Влада могла поклясться, что прежде её не раздражала полная форма своего имени. Хотя, дело, скорее, было в человеке, который его произносил… Надо же уметь вложить столько жеманства в одно слово. Шум треска в голове всё нарастал, но Влада не обращала на него внимания. Она не сводила взгляда с карих глаз, что сейчас блестели заметным раздражением.
– Просто из тебя вышел весьма скверный маньяк, Костя, – его имя она почти что выплюнула, с наслаждением замечая, как мужчина поморщился.
– Владислава, не теряйте голову и следите за манерами, а не то…
– Что? – кажется чересчур громко спросила Влада, стараясь перекричать шум в голове. – Прочитаешь мне лекцию?..
– Сдам вас в дом для душевнобольных, – перебил он.
Влада увидела по взгляду, что он не шутит. На неё глядели, как на ненормальную. Неужели она была неправа? Ну не могла же она забыть век, в котором жила! Единственным объяснением было то, что она попала в прошлое. Но даже в голове это звучало глупо! Настолько, что у неё закладывало уши, а перед глазами всё шло рябью.
Допустим, что она каким-то образом переместилась во времени… Как это объяснить?
Влада закрыла глаза, чтобы собраться с мыслями. Неважно, насколько это было глупо – закрывать глаза при постороннем человеке, в чьём якобы доме она неизвестно как очутилась. Её голова распухала от треска и хруста. Раздался нервный выдох, но Влада не поняла, кому он принадлежал.
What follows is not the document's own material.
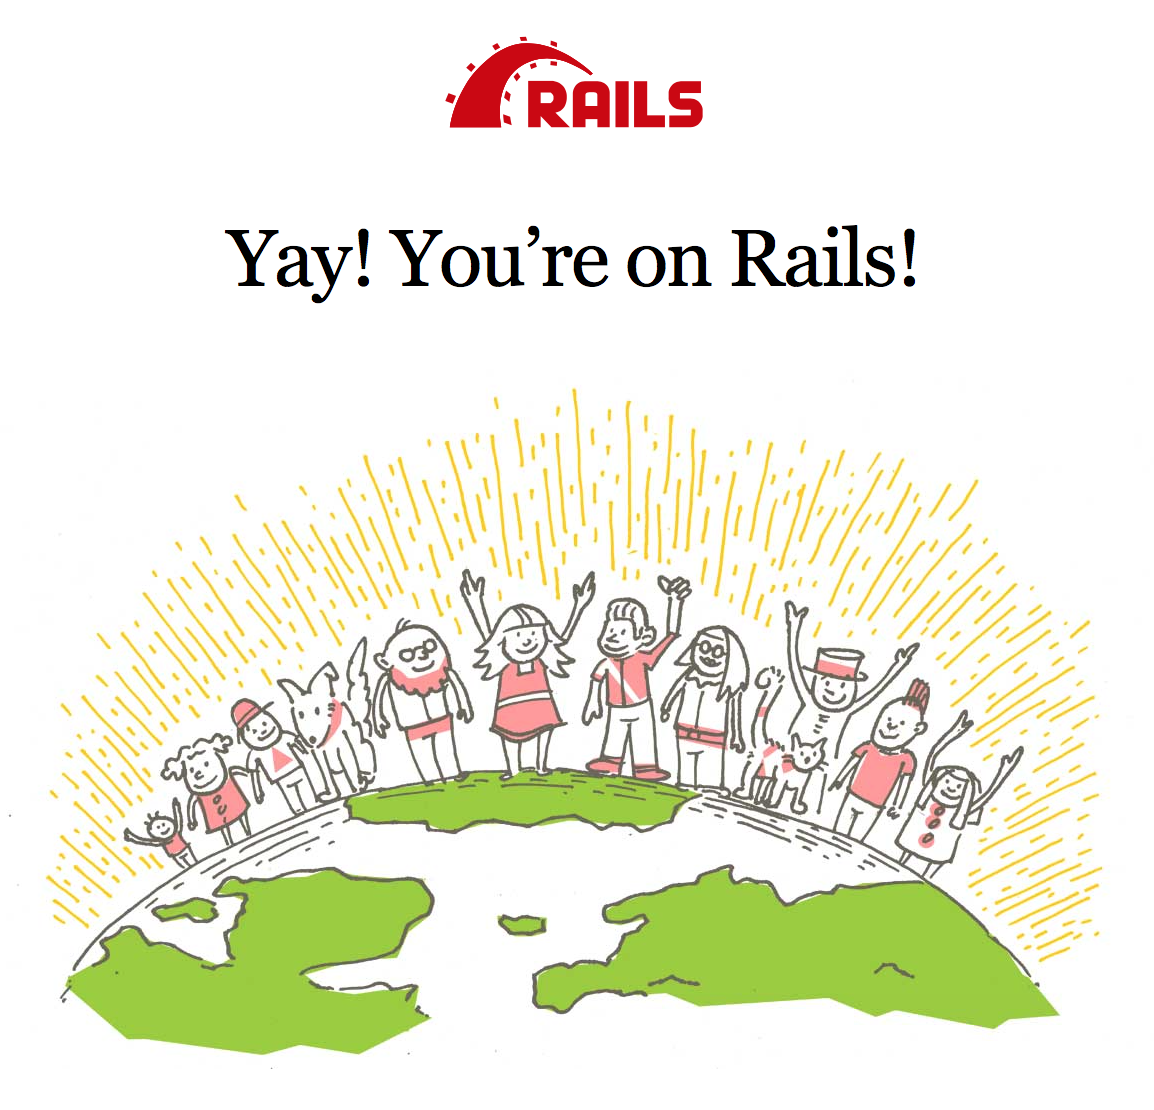 guides/assets/images/getting_started/rails_welcome.png

Она набрала по больше воздуха и всё же распахнула глаза, но вместе хмурого Константина увидела знакомый шкаф и дверь, ведущую в коридор.
Влада огляделась и обнаружила себя чуть ли не сидящей на столе в комнате Вити. Она выпрямилась и вновь осмотрелась по сторонам. Ни огромной кровати, ни ковра и сломанного телеграфа, ни уж тем более Константина не было. Влада стояла посреди пустой комнаты брата, её голова раскалывалась, а часы показывали без пятнадцати час. И лишь едва уловимый запах лимона с её футболки магическим образом успокаивал быстро бьющееся сердце.
Глава 7
Когда они ссорились, первый шаг всегда делал Витя. Кто бы ни был виноват и чтобы ни произошло – он всегда приходил первым. А всё потому что Витя ненавидел спорить. Это не значило, что они никогда не ругались. Просто каждый раз он первый извинялся или объяснял, что именно его разозлило.
Честно, Влада завидовала этой его черте. Она сама любила поскандалить, и многие ссоры вспыхивали как раз из-за неё. Но даже когда Влада понимала, что она была виновата, и что это ей следует извиниться, она не могла. Собственные извинения казались ей нелепыми, неискренними. Она не понимала, извинялась ли она, потому что ей действительно было жаль, или просто для галочки. Просто, чтобы люди поняли, что она не бессердечная, и не оставили её. Так что, она даже любила поспорить с братом, ведь точно знала, что он первый подойдёт к ней.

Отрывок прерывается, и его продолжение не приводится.